# Playing



## Jerseygirl (Jul 14, 2010)

We've only had our 3 yr old, Jersey, 2 weeks, but we are desparately trying to find some games, tricks, or play toys for her. The previous owners left her home alone quite often, she apparantly had no bed, blanket or toys she bonded with...just a people dog I guess. She doesn't seem interested in fetch....thought maybe thats a cockapoo thing?? So far she will only "sit", so we will do lots of training with other commands.
..any tips or tricks, games out there your dog loves?


----------



## Dave (May 25, 2009)

Benny enjoys fetch. He's not very good at dropping the toy when he brings it back though.  Other than that, there aren't too many "games" Benny really plays. He does like to be chased, especially if he has a toy in his mouth. Sometimes he also enjoys being roughed up a little. He shows his teeth and ends up licking us. That's his way of "playing" tough.


----------



## Jerseygirl (Jul 14, 2010)

So far I haven't found a ball she likes...I thought about getting a small kong to see if she plays tug of war? She loves to chase small wild bunnies we have roaming around, perhaps somthing small and furry she'll fetch? lol
My vet thinks that perhaps she wasn't very well socialized when she was younger, and thats why she seems uninterested in play? I might put her some socialization classes.....or perhaps she'll warm up to play as she gets use to her new home?


----------



## Enneirda. (Mar 5, 2010)

'Lo will fetch, rough house, play chase, tugawar, everything lol. I also have her in the dog sport Agiliy. She loves it with a passion. 

Both the poodle and a cocker are retrieving breeds, so fetching is expected and playing of all kinds is a very normal thing for any breed.
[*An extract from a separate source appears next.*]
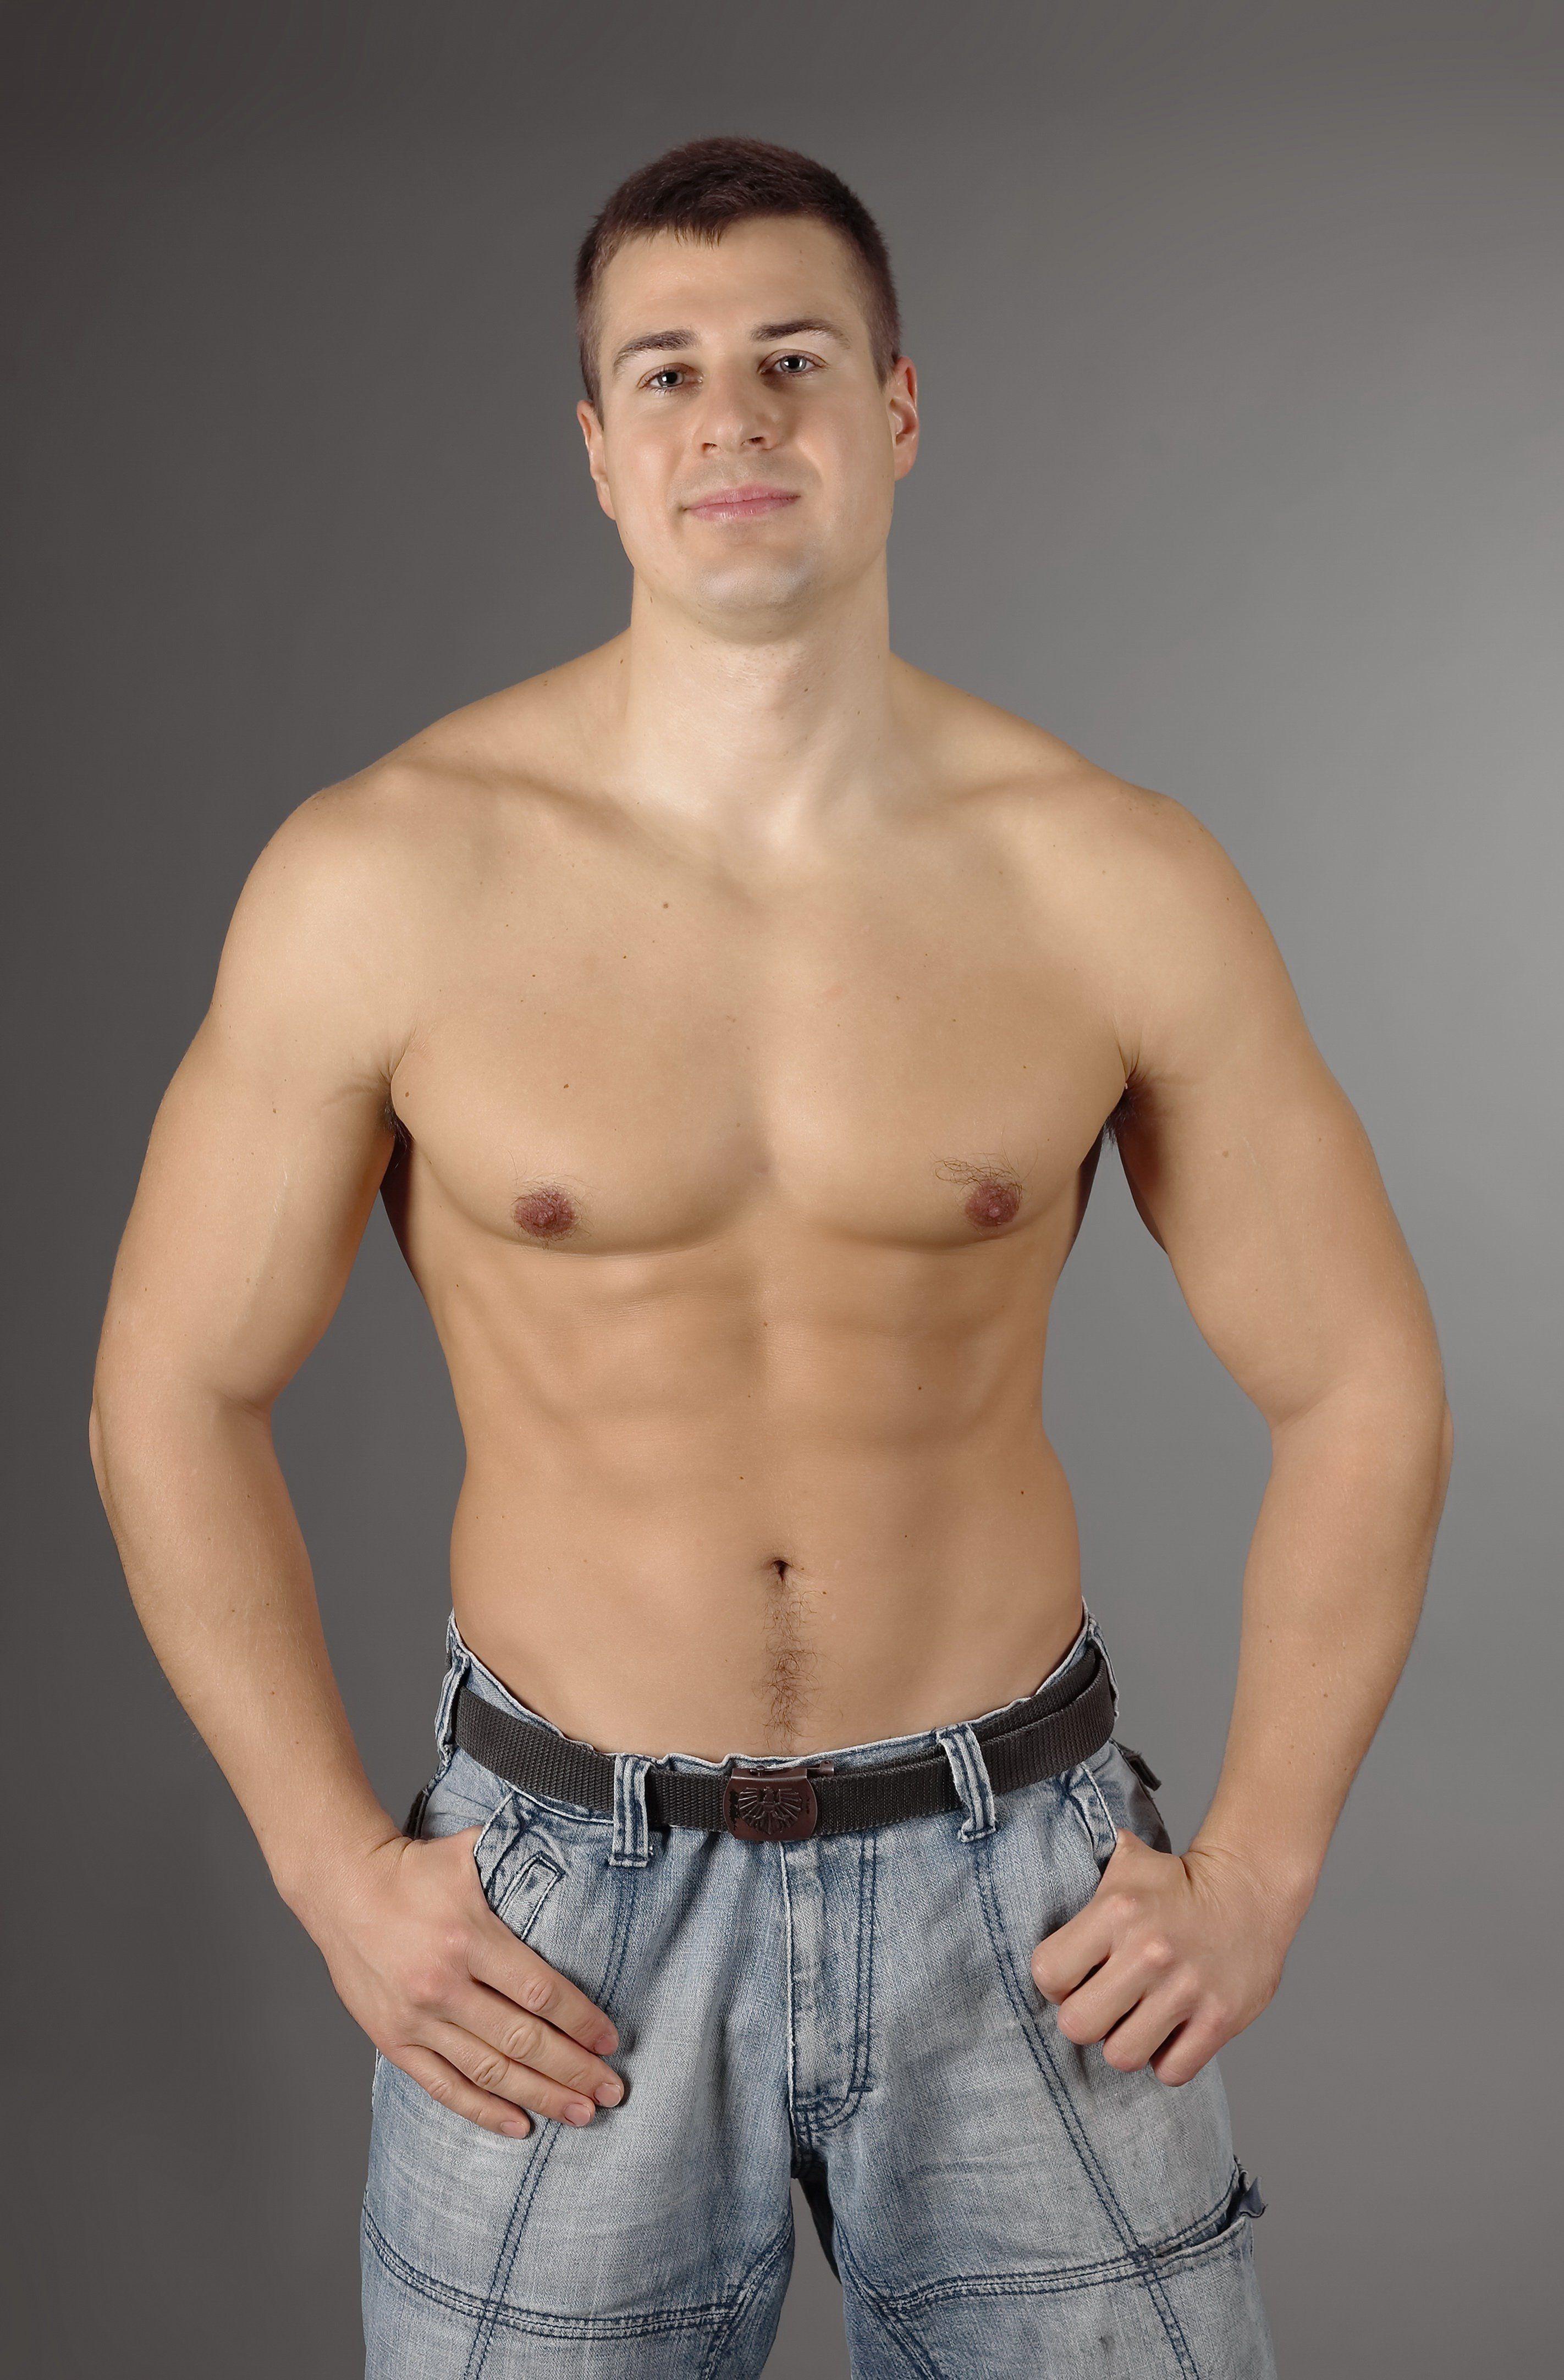 Bodybuilding frauen treffen

But just like your vet said, if a dog is not exposed to things as a pup there never quite the same. I don't know if you'll ever really get her to play, she can get better at it sure; but she might never be like a pup raised with toys, two years is a long time to be deprived. 

For training get into clickers, they really really help shy dogs blossom and make it a lot easier for a dog not raised to learn to get the idea of it. http://www.clickertraining.com/

If she never plays running games of any kind in the house or yard, remember to take it into account when exercising her. (ie. Longer walks)
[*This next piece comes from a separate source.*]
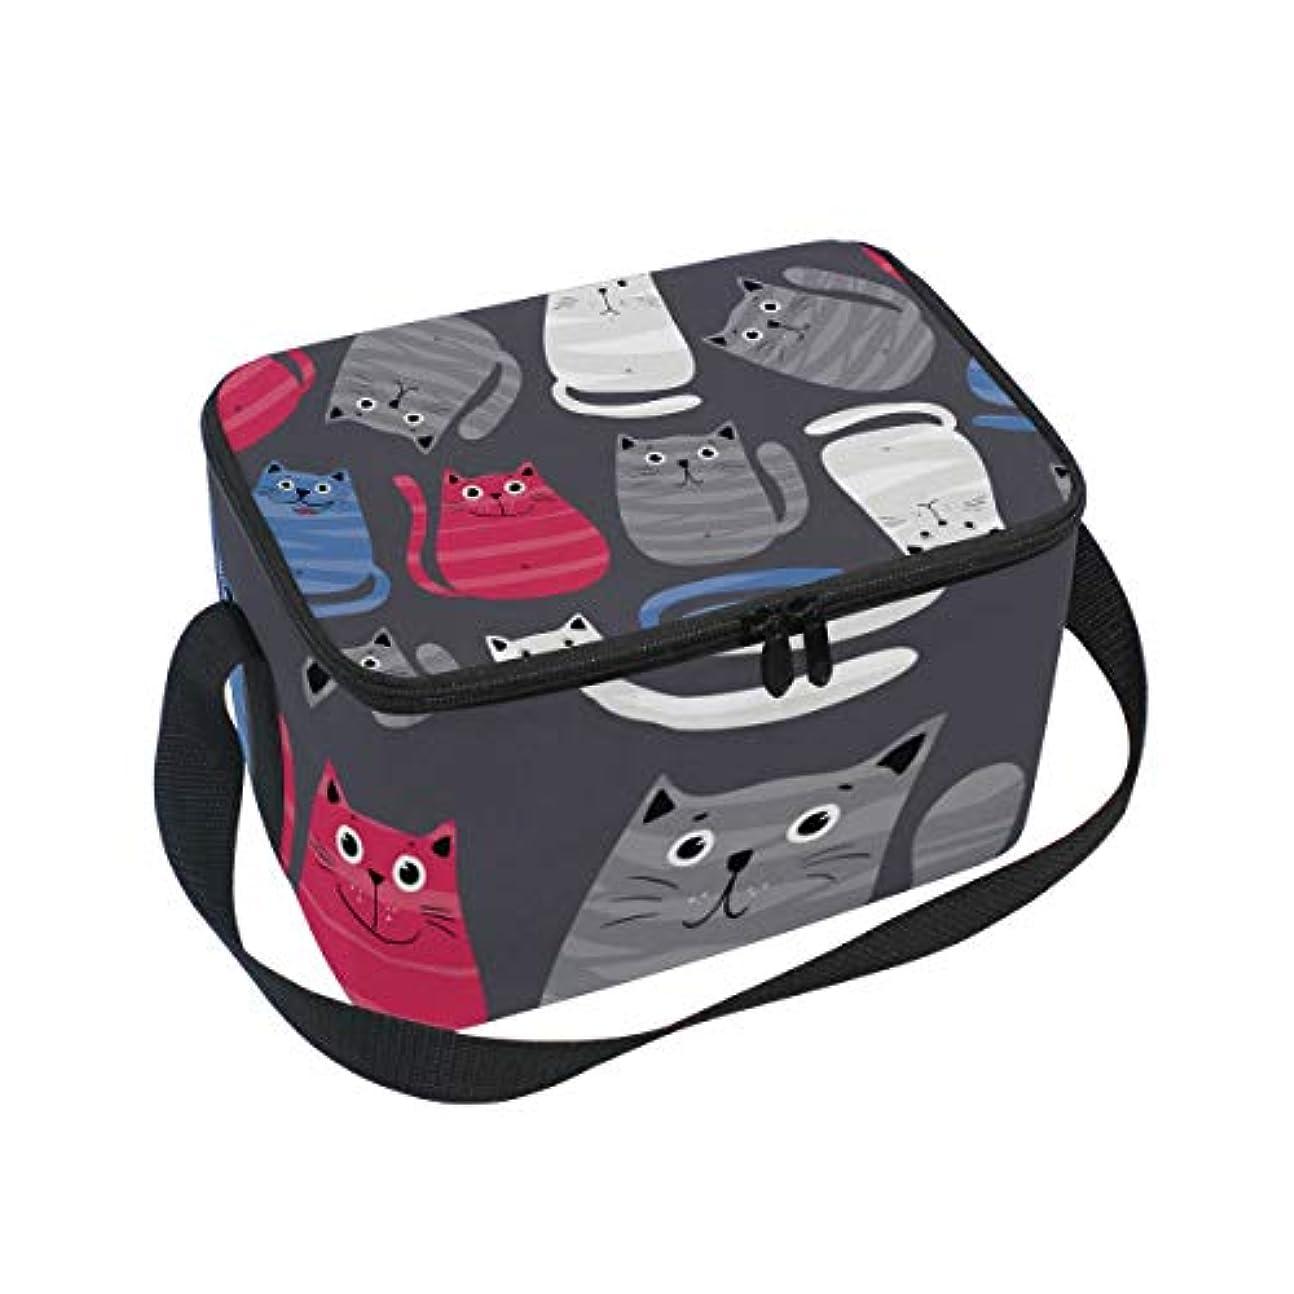 代数的曲正確クーラーバッグ クーラーボックス ソフトクーラ 冷蔵ボックス キャンプ用品 猫柄 可愛い 保冷保温 大容量 肩掛け お花見 アウトドア

Good luck with her. I'd love to see some pictures.


----------



## kendal (Jul 16, 2009)

when i started agility with Gypsy she had no interest in balls, and thay said i couldnt traine her with treats. 

i ended up cutting a slit in a tennis ball so she would chase it. 
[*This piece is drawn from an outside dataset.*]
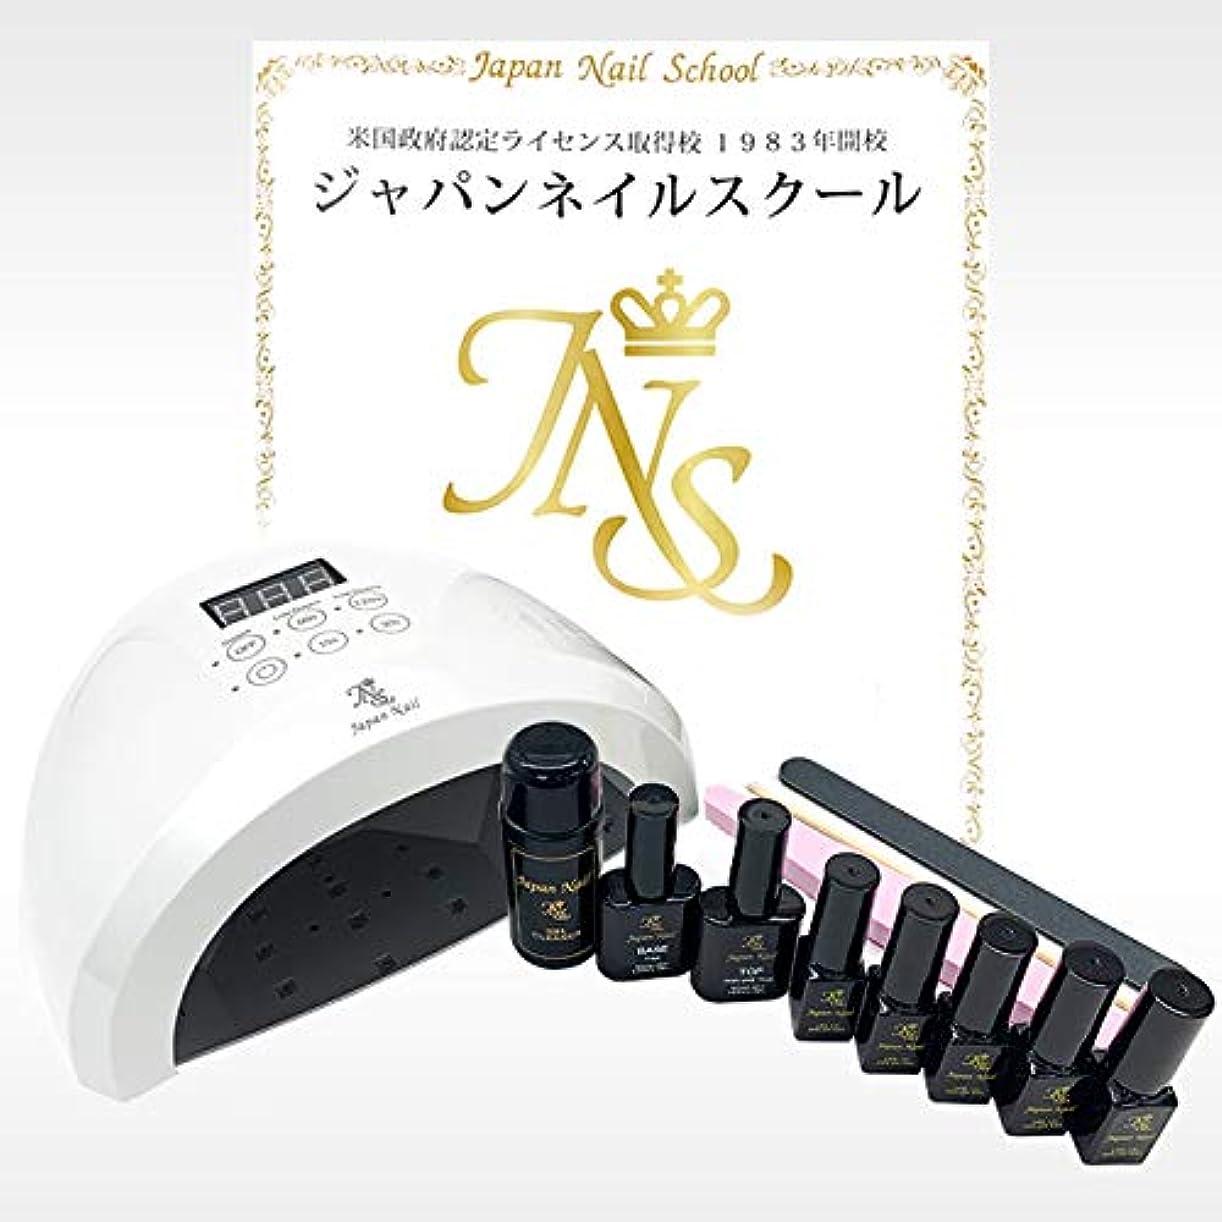 ボット有効受け取る日本製多機能LEDライト付属ジェルネイルキットn2世界初!弱爪?傷爪でもジェルネイルが楽しめる2つのローダウン機能搭載!初心者も安心の5年間サポート付

gett her realy exited so she is bouncing about, thing bring out the ball, and play with her(dont let go of the ball) she needs to think that its something that she cant have. the more she cant have it the more she will want it. 

another thing, theache her that if she touches the balll she gets a threat, once she touches it every time you tell her, stop giving treats, she will sta rt getting frustrated and try to pick up the ball. treat her for that.


----------



## Jerseygirl (Jul 14, 2010)

Thanks so much for the advice Enneirda and Kendal! I will try it all. We discovered by accident that Jersey likes to chase water from the hose......while watering the garden I put it on jet spray to reach farther away and she started chasing the end of the water where it hit the grass! Too funny! Hopefully we'll start discovering other forms of playing soon


----------



## Simonzz (Nov 29, 2009)

Our Grover enjoys lots of games and training, since he was a puppy we have taken him to dog training and now started agility, he is just one year old. have you thought about classes it's never too late!


----------



## Dawny (Mar 28, 2010)

hi wispa wont fetch either she just looks at me as if to say "well get it them" lol she has lots of toys that she throws all around the house and chases and love tug of war games, i also but little teddy bears from the second hand shop (take the ears and nose out so they cant swollow them) and she carries them around the house! good luck and have fun trying to find what she likes.


----------



## connie (Oct 4, 2010)

Hi, Milo was very unsocialized when we brought him home at 9 months of age. I took him to basic training and to doggy daycare a couple of days a week, and then took him to intro to agility training classes. It made so much difference in him! I also take him to small dog meetups whenever possible, usually once a month where he can be off leash with a bunch of other small dogs. He still is not very good around large dogs. He has one of those treat balls where you can put small treats or kibble inside and he just loves to push and throw that thing around to get the treats out. He also loves to fetch, and go swimming (that's his favorite). I can't give him any stuffed toys or tennis balls as he immediately chews until he gets a hole then pulls all the stuffing out and even will swallow it...so I have to be very careful with his toys. Good luck with your Jersey...I'm sure you will find something she likes.


----------